(Exercise brief): Repeat the data exactly. Pictures stay out.

(Source material):
════════════════
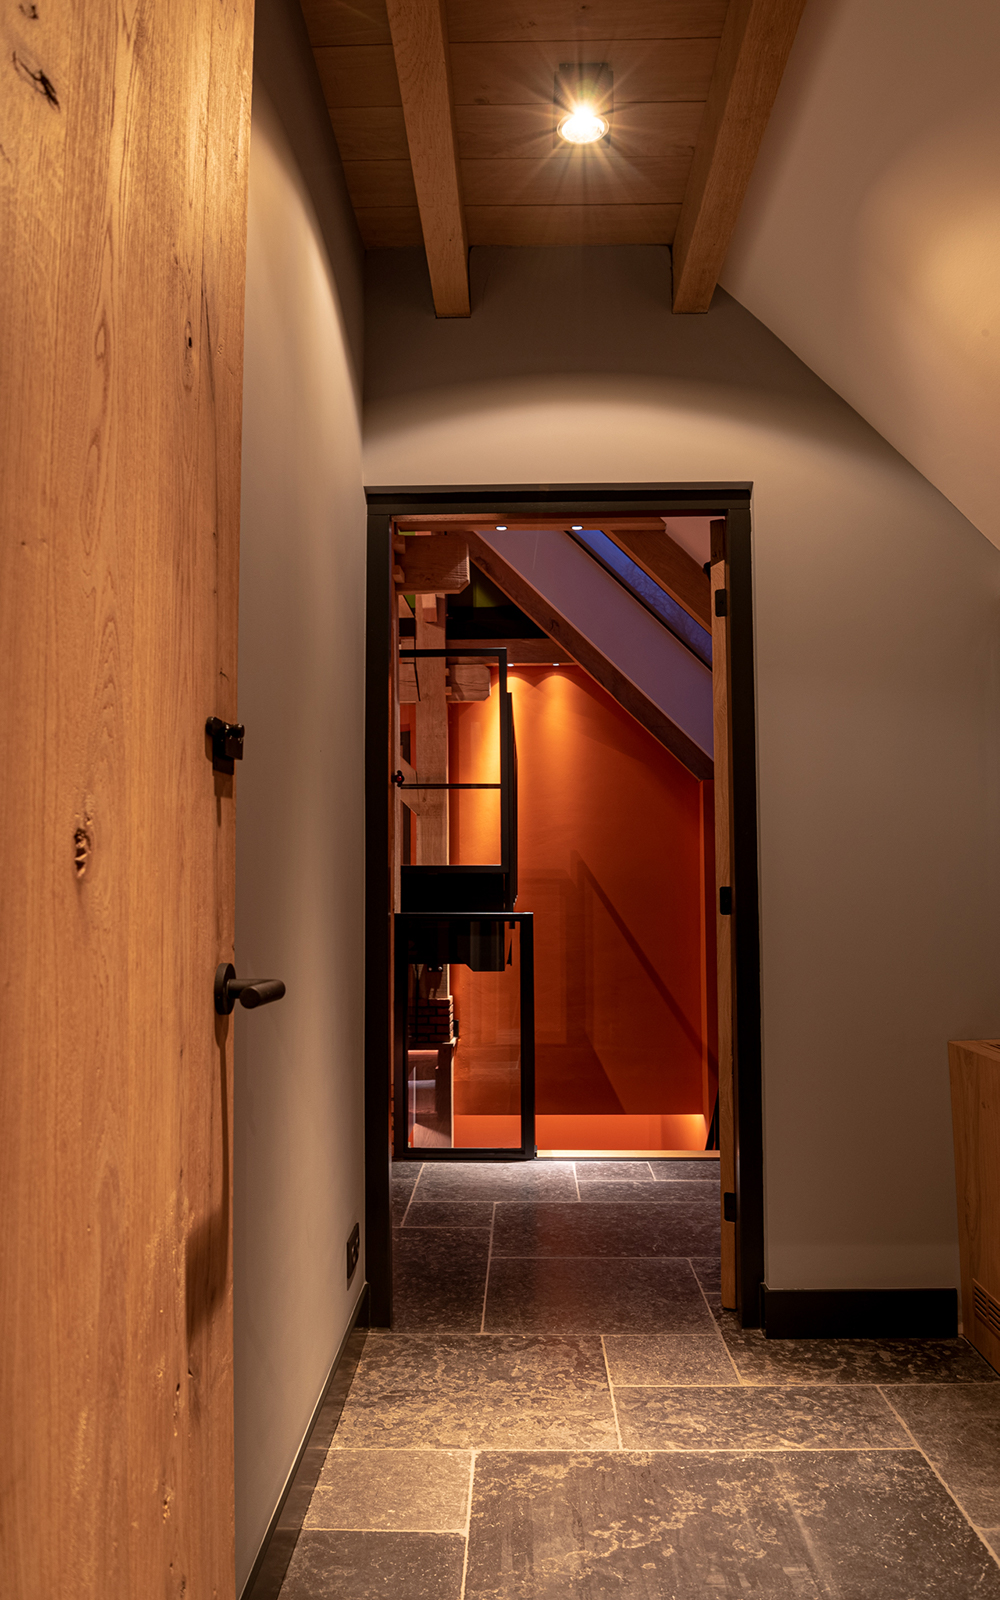 Moresenz, Morelight, gemakkelijk domotica systeem, eigen interieur
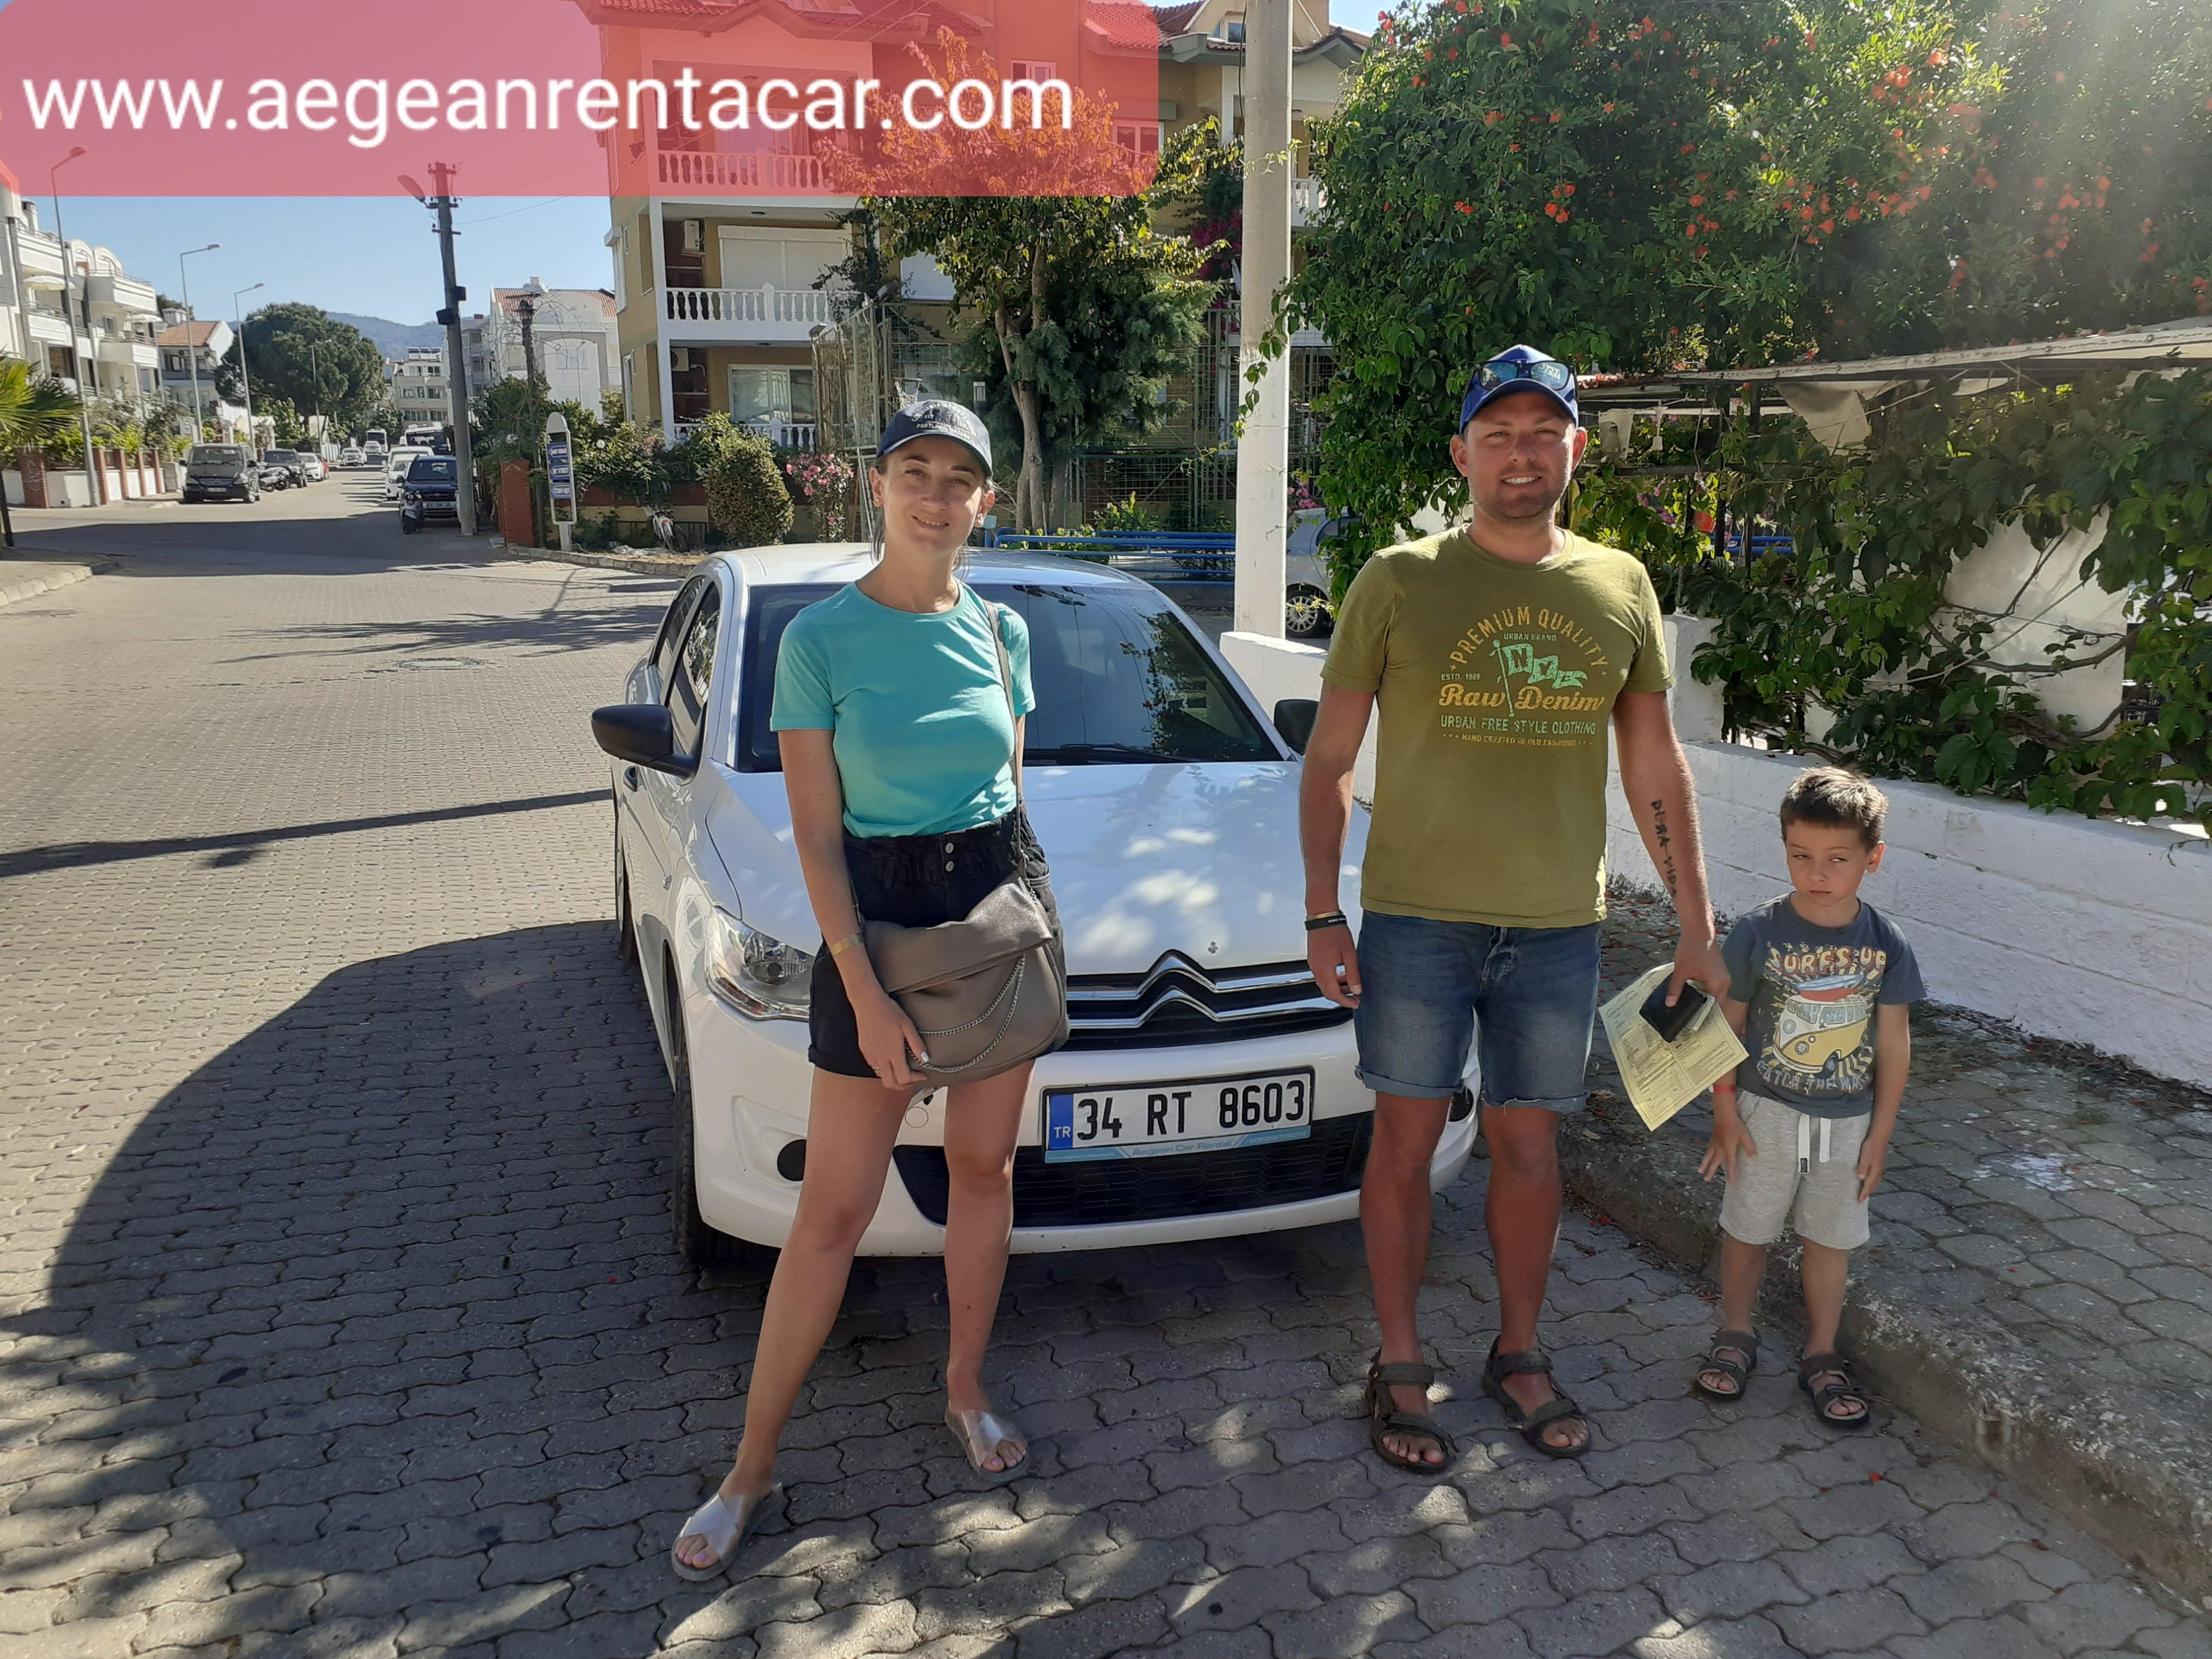 Aegeanrentacar.com
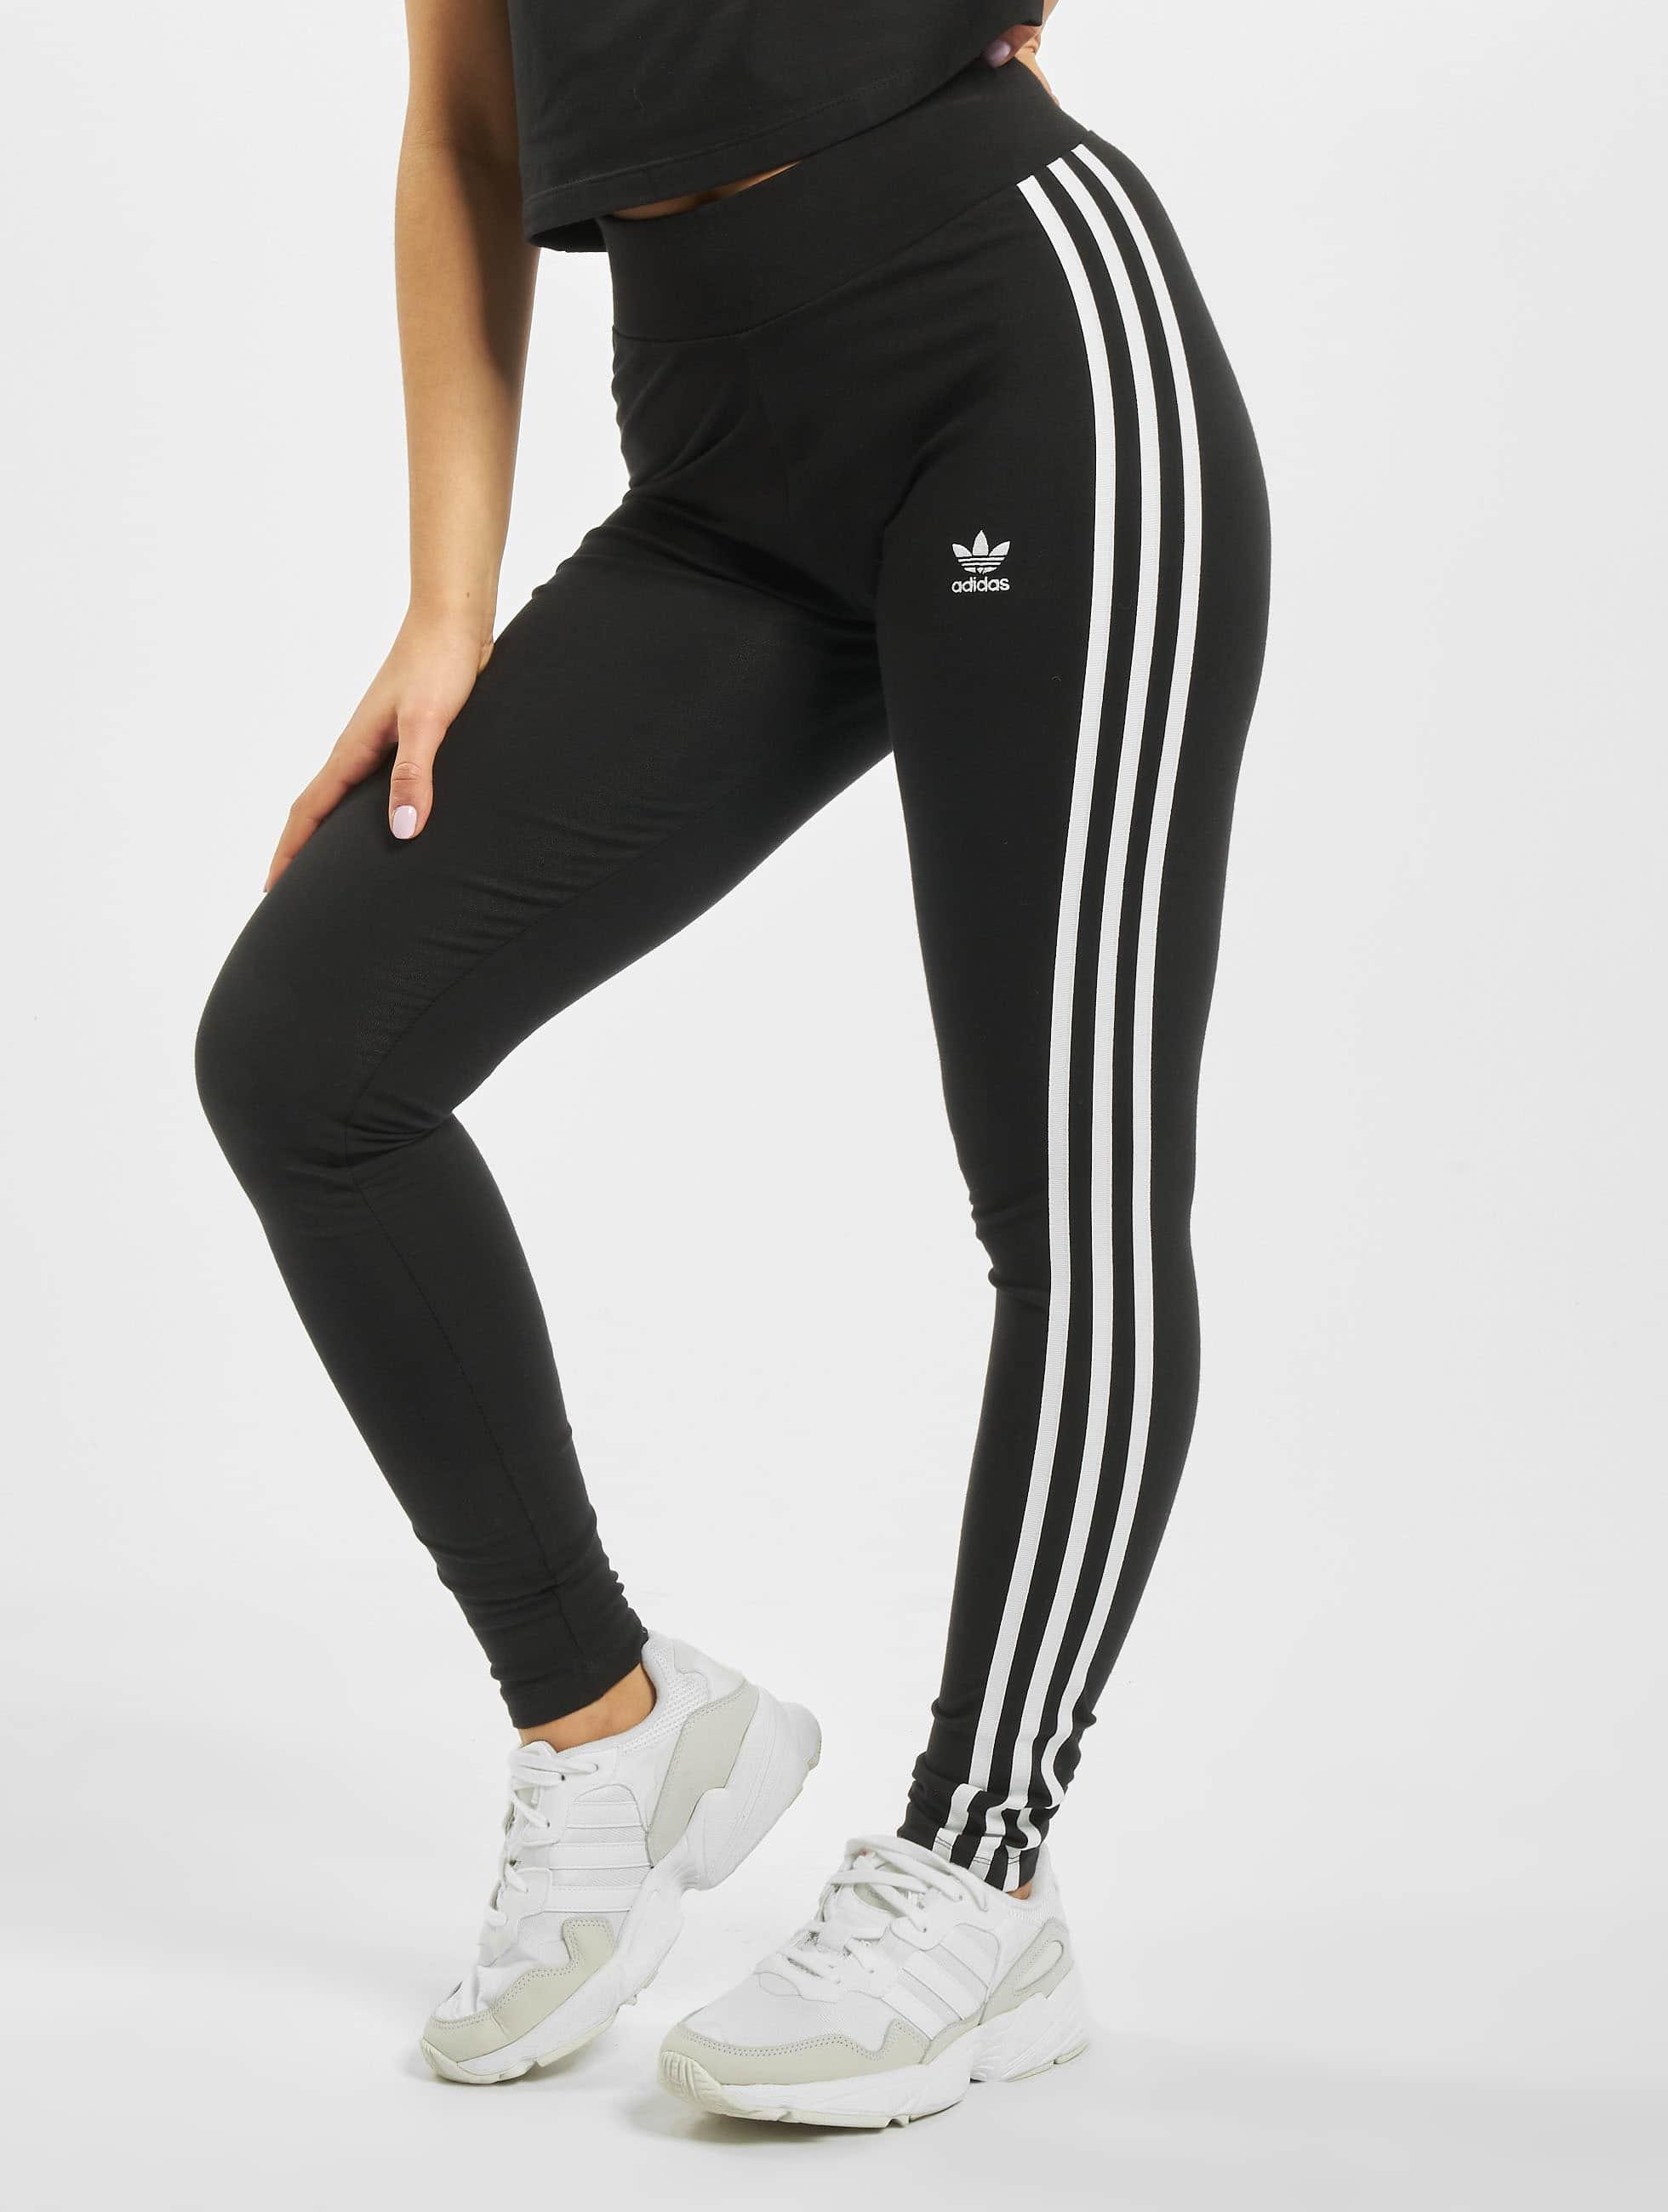 adidas Herren Tight Sporthose 3 Stripes schwarz
════════════════
(Result for this exercise):
 Moresenz, Morelight, gemakkelijk domotica systeem, eigen interieur
 Aegeanrentacar.com
 adidas Herren Tight Sporthose 3 Stripes schwarz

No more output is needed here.